The absorbance values of the calibration standards used for the two methods showed good proportionality with the concentrations, the squared correlation coefficients were > 0.99 and the calibration plots showed small insignificant intercepts in both cases [32].

Good agreement between the theoretical and the actual concentrations of the analytes in the synthetic mixtures was obtained with small relative standard deviation (RSD%) values (< 2%), confirming satisfactory recovery by the two methods.

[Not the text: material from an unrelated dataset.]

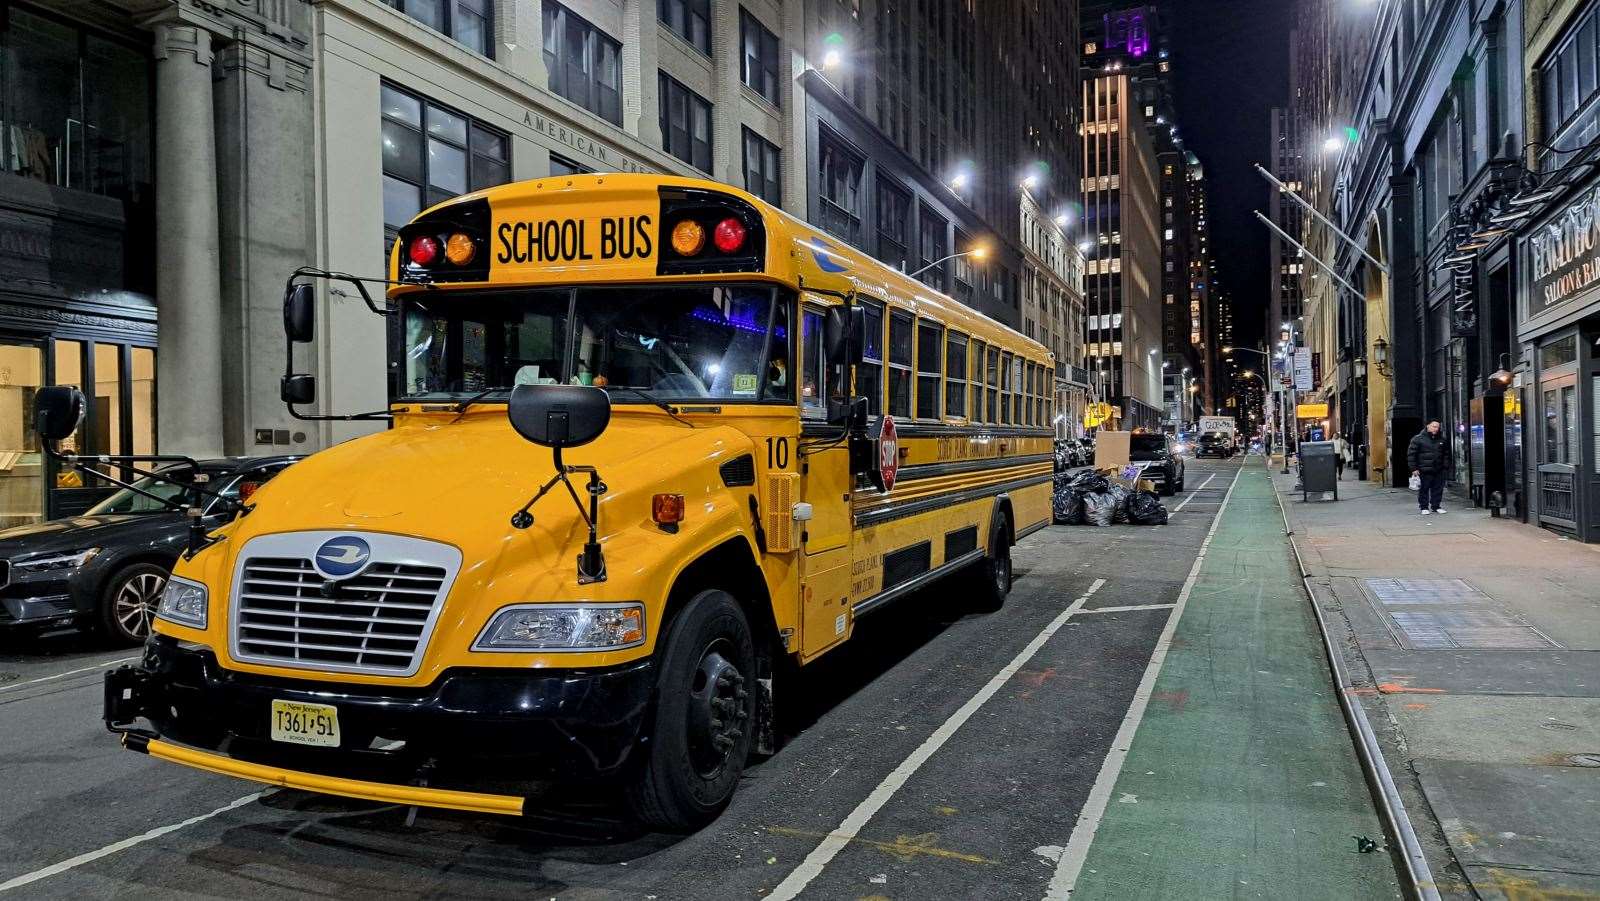 Duncan Meechan, Milton, came fourth in the colour category with New York School Bus – a very striking image where the bus filled most of the frame but the street added perspective away into the distance.

The repeatability and intermediate precision of both methods produced relative standard deviation (RSD%) values < 2%. Adequate % recoveries and low % RSD were obtained when the two proposed method applied to the analysis of the commercial product.

Statistical analysis of the precision data applying student t test confirmed that there was no day to day variation in the results.

The two methods were found to satisfy the requirements of the International Conference on Harmonization (ICH) with regard to linearity, precision and accuracy [33].

Statistical comparison indicated that there is no significant difference between the assay results obtained by the two method as the calculated t values 0.91 and 1.13 for amlodipine and atorvastatin, respectively, were less than the tabulated t value 2.23 at 95% confidence level [34].

Conclusions

Simple, accurate, precise and cost effective spectrophotometric methods have been developed and validated for the determination of amlodipine and atorvastatin in combined dosage form. The proposed methods are also having the advantage of using very simple spectrophotometric approaches for the determination of the two drugs mixture without prior separation or using sophisticated instruments and software. Either of the two methods can be used with confidence for the analysis of the two drugs mixture since no significant differences in the analytical results were observed between them. The proposed methods are beneficial for poor countries where acquisition of such equipment is not affordable.